> Data block
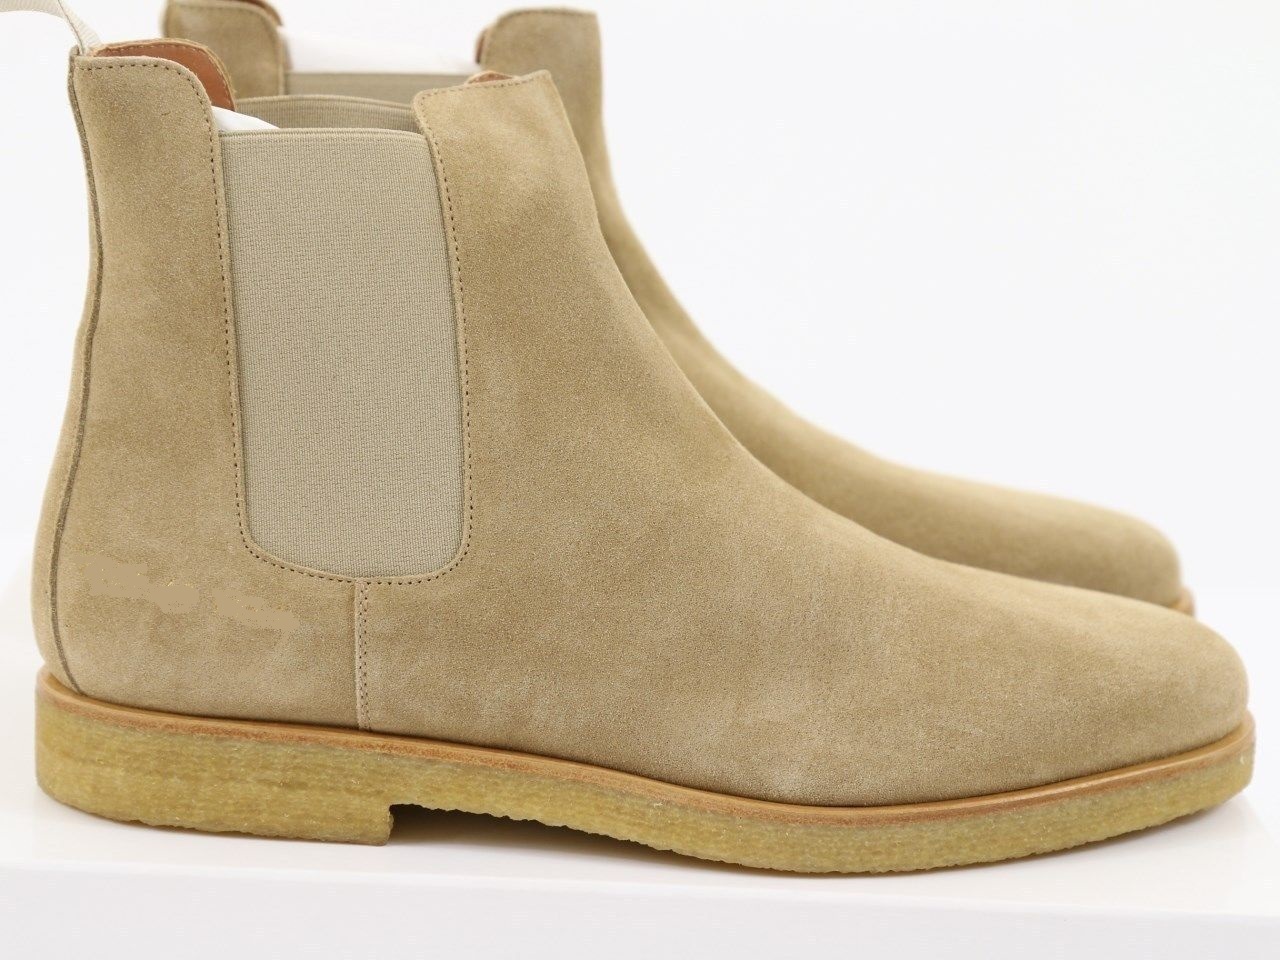 Handmade beige leather boots, crepe sole chelsea boot
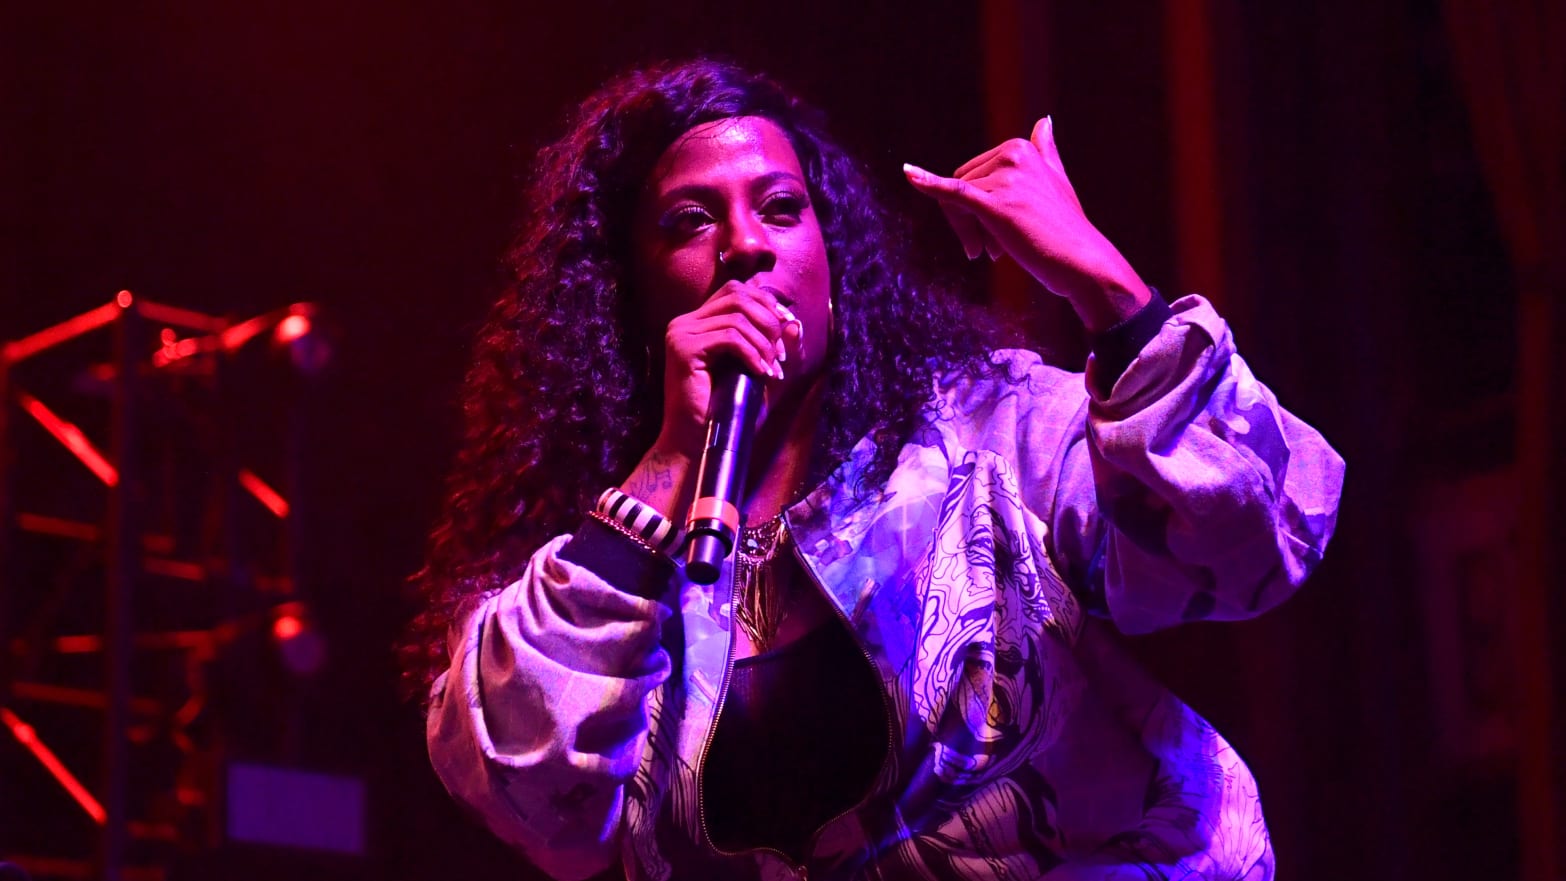 Gangsta Boo performs at The Run The Jewels Concert at The Tabernacle on January 21, 2017 in Atlanta, Georgia.
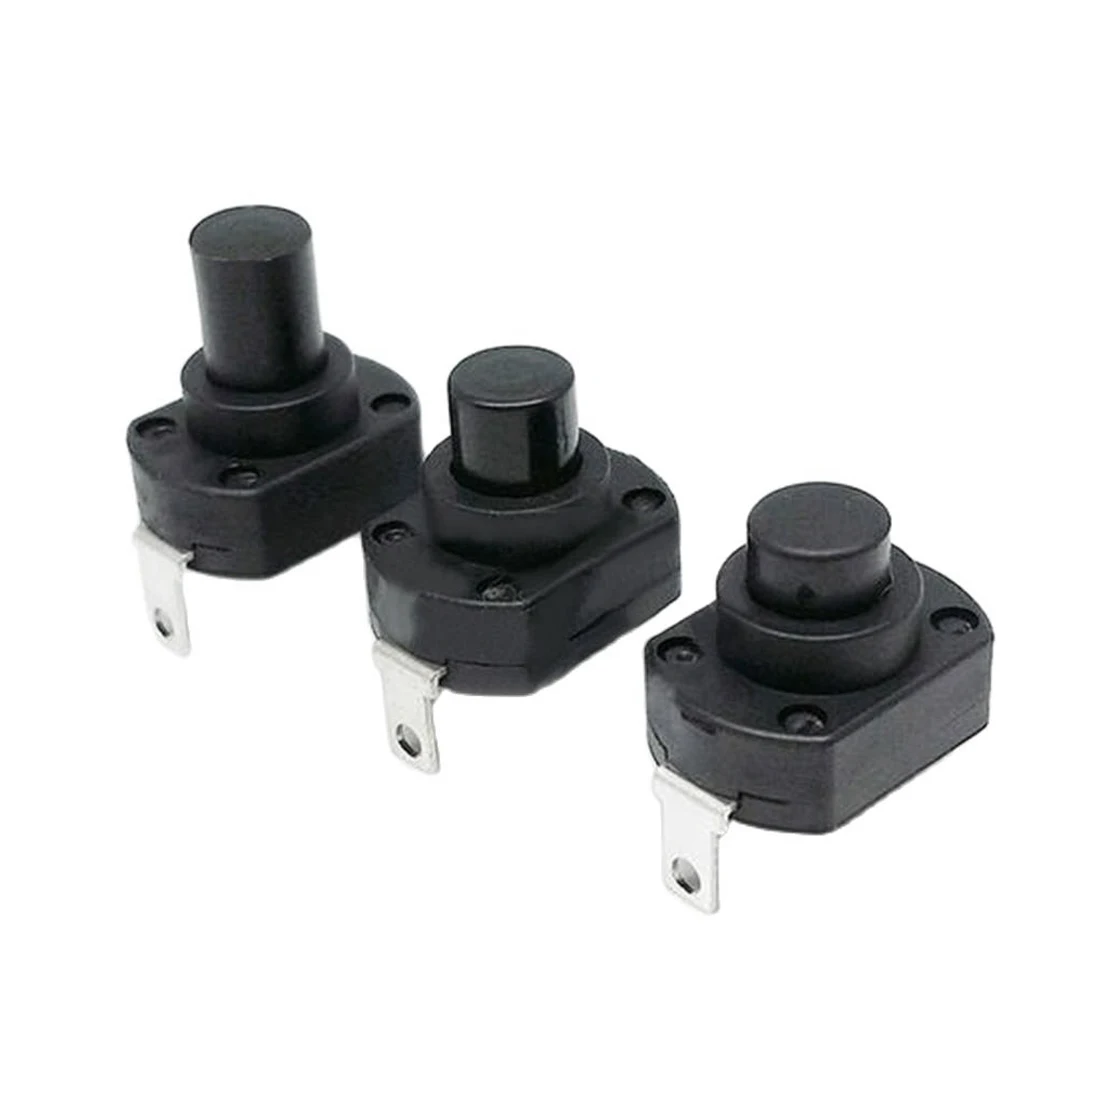 

10pcs Switch Flashlight Switches Self Locking Push Button Micro Power Buttons Key 3A/6A/10A Wholesale Price

> Problem to solve
Please write out exactly the lines from the one holding "Gangsta Boo performs" through the last line of the material above, both included, as a copy without pictures.

> Output of the task
 Gangsta Boo performs at The Run The Jewels Concert at The Tabernacle on January 21, 2017 in Atlanta, Georgia.

10pcs Switch Flashlight Switches Self Locking Push Button Micro Power Buttons Key 3A/6A/10A Wholesale Price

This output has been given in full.